Competing interests: R.D. reported being a scientific cofounder, consultant and equity holder for Pensieve Health (pending) and a consultant for Variant Bio and Character Bio. J.M.E. reported being a cofounder, board member and executive of the nonprofit Center for Genomic Interpretation, with part of its mission overlapping with the interests of this work, specifically the mission to encourage careful stewardship of clinical genetics. J.M.E. is also the founder of and a consultant for Grandview Consulting LLC, not related to this work. K.-L.H. is a founder of Open Box Science, not related to this work. W.K.C. is on the Board of Directors of Prime Medicine and Rallybio, not related to this work. The other authors declare no competing interests.

Figures

Fig. 1.
Fig. 1.. Development of a variant interpretation framework from pathogenicity to population-based disease risk using a real-world example of BRCA2 c. 68–7T > A.
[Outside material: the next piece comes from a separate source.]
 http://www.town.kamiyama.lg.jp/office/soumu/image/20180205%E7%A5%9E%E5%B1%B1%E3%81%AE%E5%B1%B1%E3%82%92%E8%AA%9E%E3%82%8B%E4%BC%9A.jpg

A. Variant interpretation based on two frameworks: pre-population-based classification whereby variants are traditionally assigned pathogenicity categorization based on the presence of disease in families or clinically ascertained cohorts enriched for disease (top), versus post-population-based classification in which the association of variants with disease are observed in large-scale cohorts or biobanks (bottom). As an example, the BRCA2 c.68–7T > A variant was initially categorized as P in a pre-population-based classification due to its apparent segregation with breast cancer in several members of a family; however, subsequent analyses in a post-population-based classification revealed a high prevalence in healthy individuals from two cohorts with no association with disease. This led to its eventual reclassification as a VUS and then B variant (only B reclassification is shown for simplicity). Revised reports were sent to physicians caring for patients with the variant to remove them from intensive screening, clinical trials, or treatment intended for individuals with P variants. B. Two separate but complementary axes of pathogenicity categories versus population-based spectrum of disease risk demonstrate the dynamic and evolving nature of variant interpretation. A hypothetical distribution of variants is depicted as points across three categories of pathogenicity of B (green), VUS (yellow), and P (red). As an example, BRCA2 c.68–7T > A was downgraded from P to B classification based on its absence of disease risk observed in population-based analyses. Created with BioRender.com. P or LP, pathogenic or likely pathogenic; VUS, variant of uncertain significance; B, benign; ExAC, Exome Aggregation Consortium; 1kGP, 1000 Genomes Project.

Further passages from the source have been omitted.